▶ INSTRUCTIONS FOR THE TASK
Set the images aside and retype the whole listing exactly.

▶ DATASET CONTENT
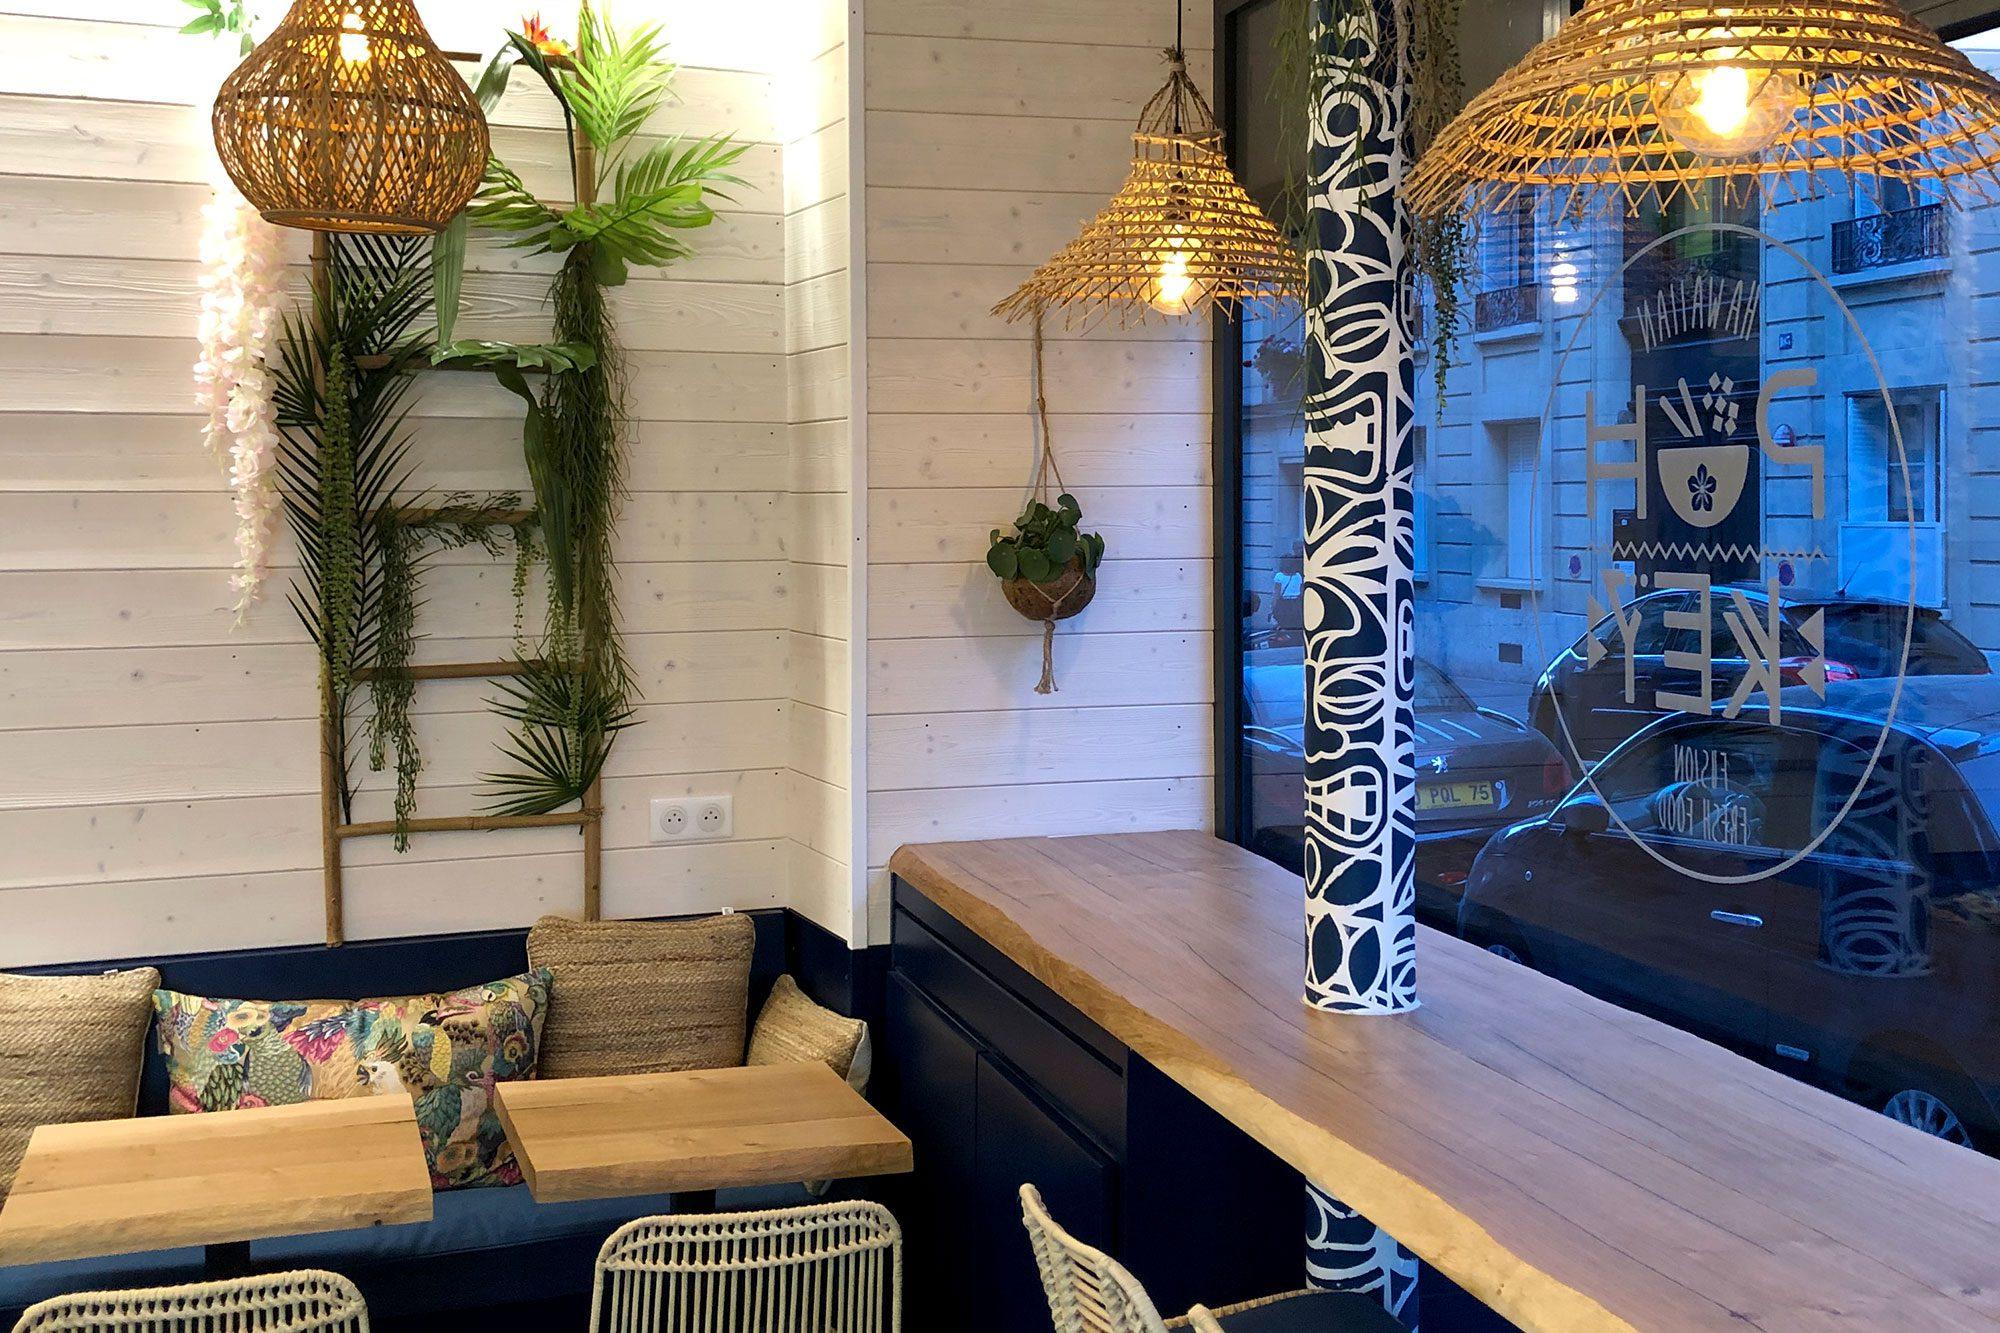 Poh Key Galerie Restaurant Deco 2
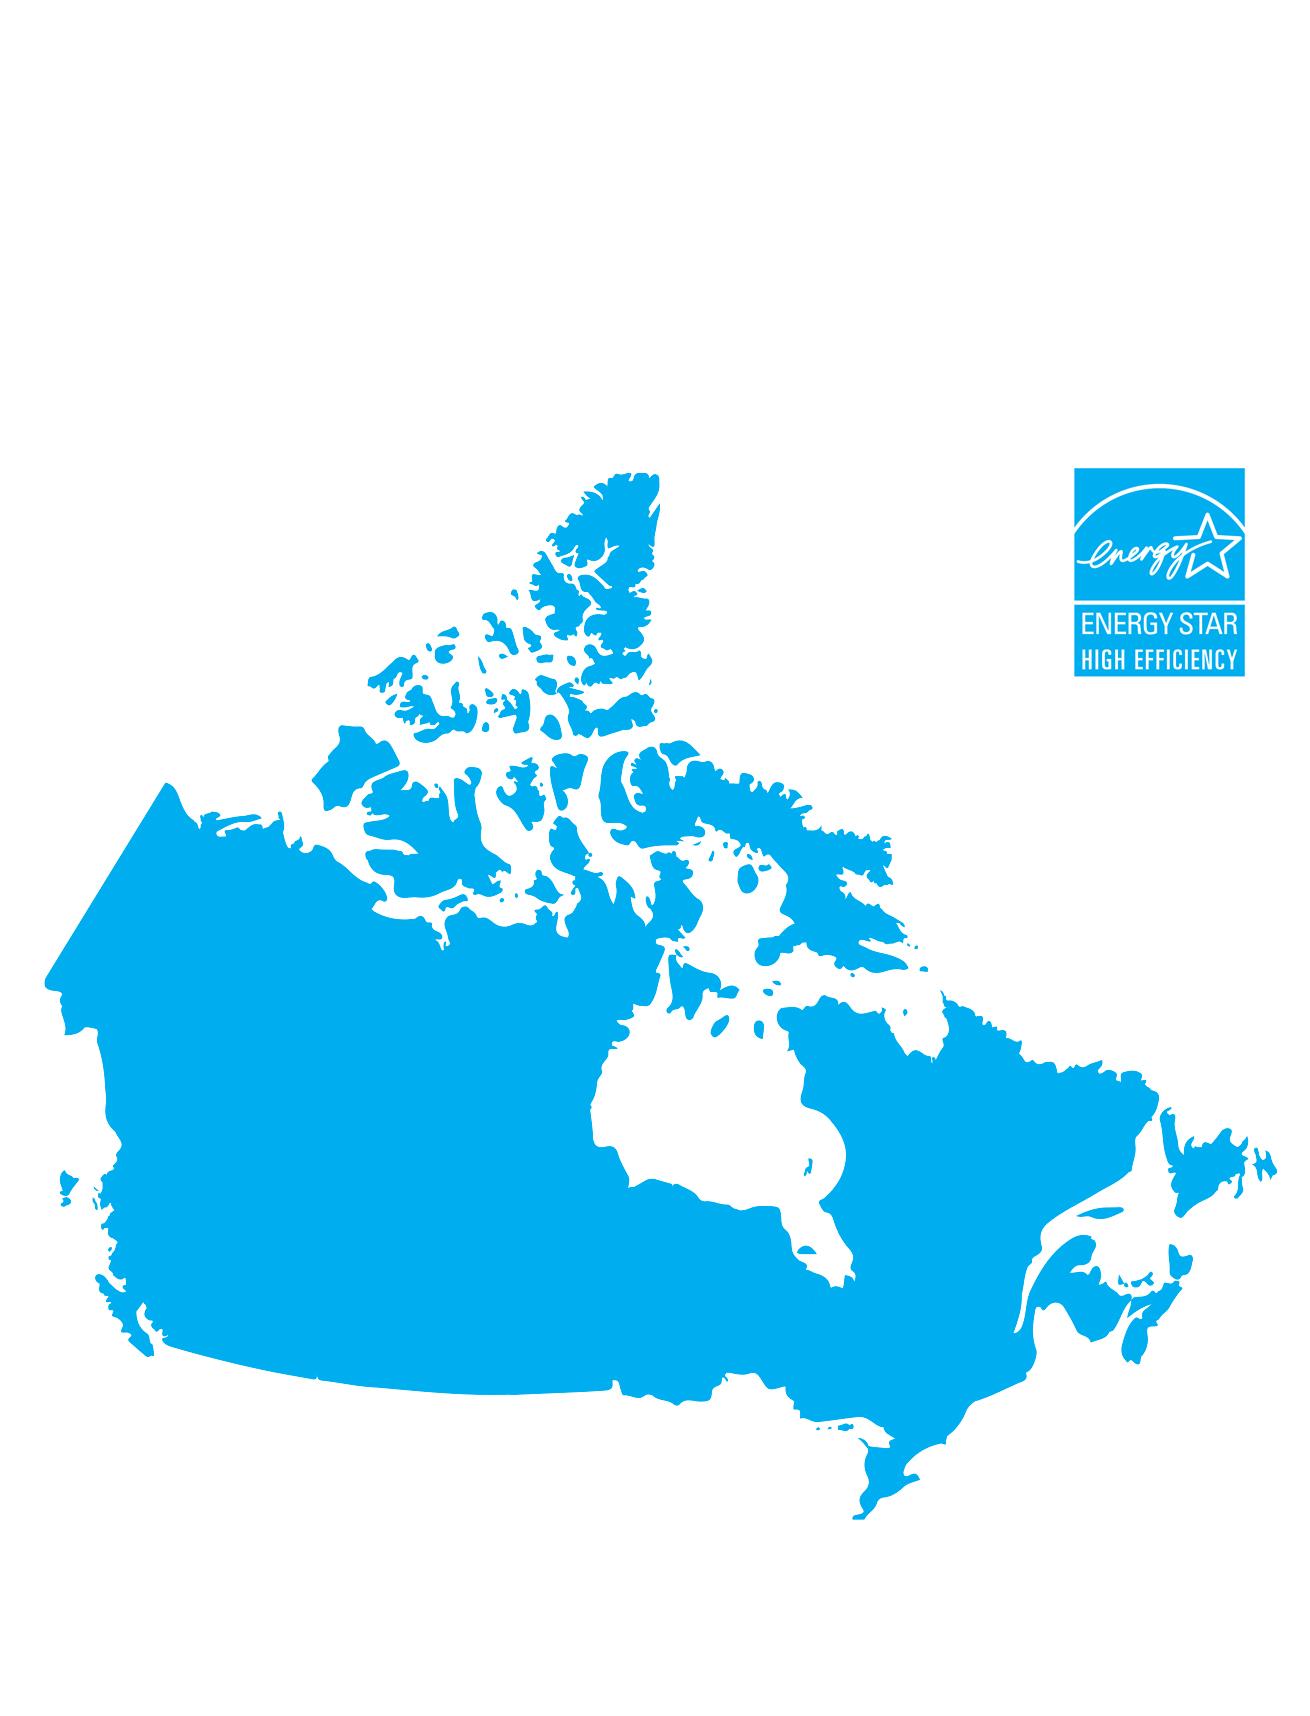 http://www.columbiaskylights.com/wp-content/uploads/Canada-Map-2020-Zone.jpg
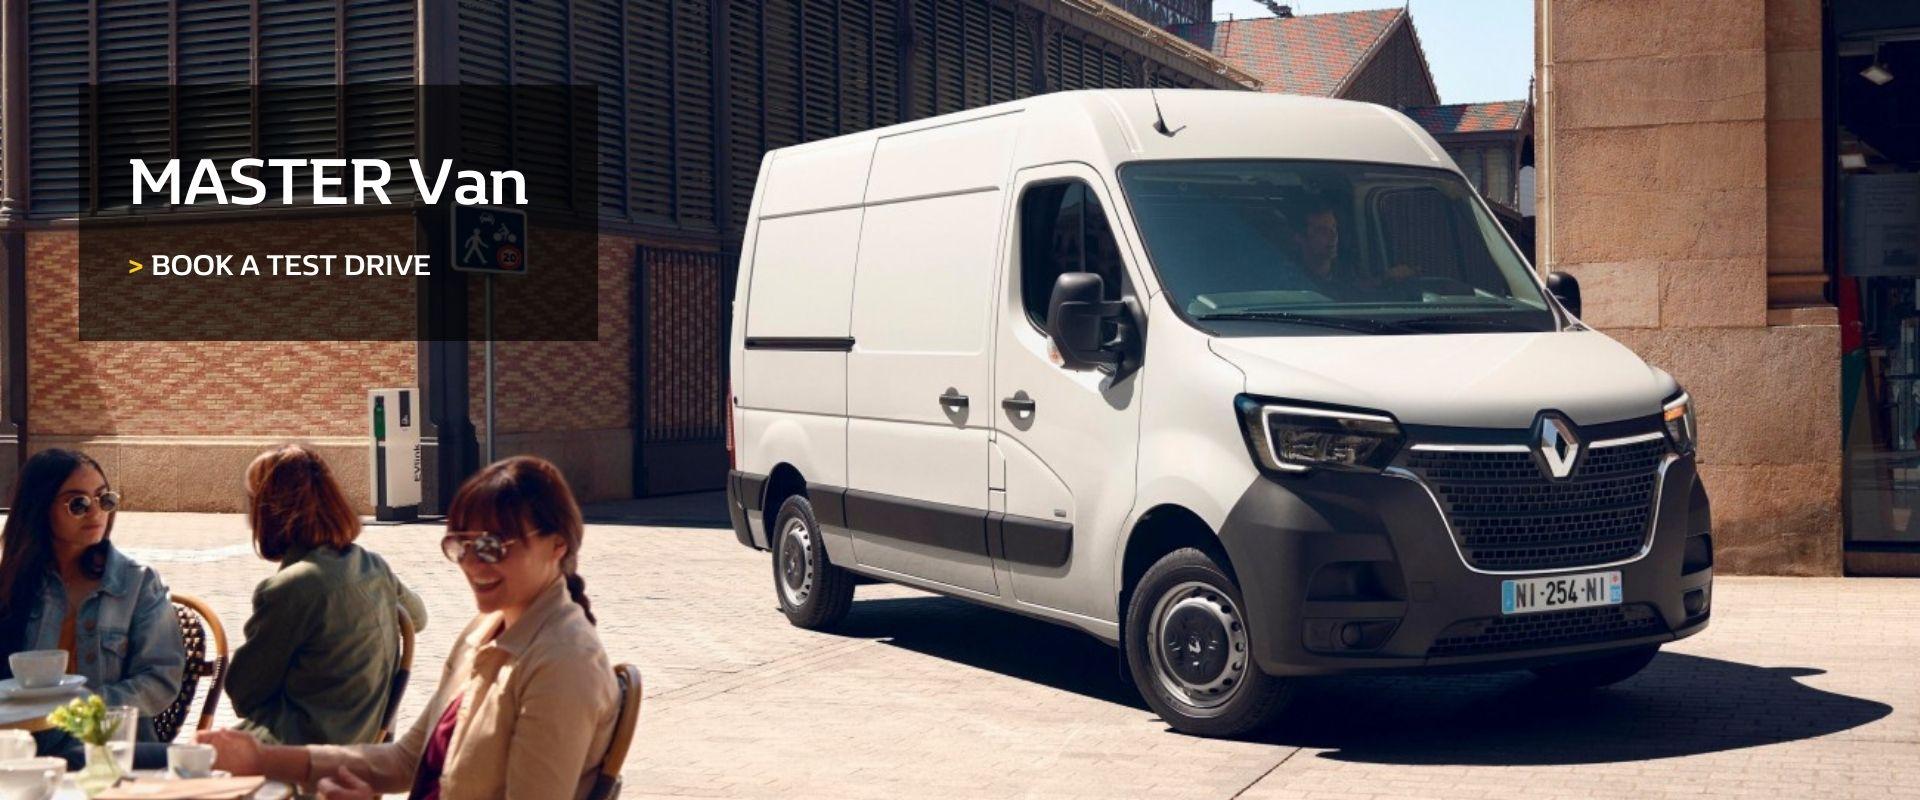 Renault Master Van -  Book a test drive today at Metro Renault

▶ WRITTEN RESPONSE
 Poh Key Galerie Restaurant Deco 2
 http://www.columbiaskylights.com/wp-content/uploads/Canada-Map-2020-Zone.jpg
 Renault Master Van -  Book a test drive today at Metro Renault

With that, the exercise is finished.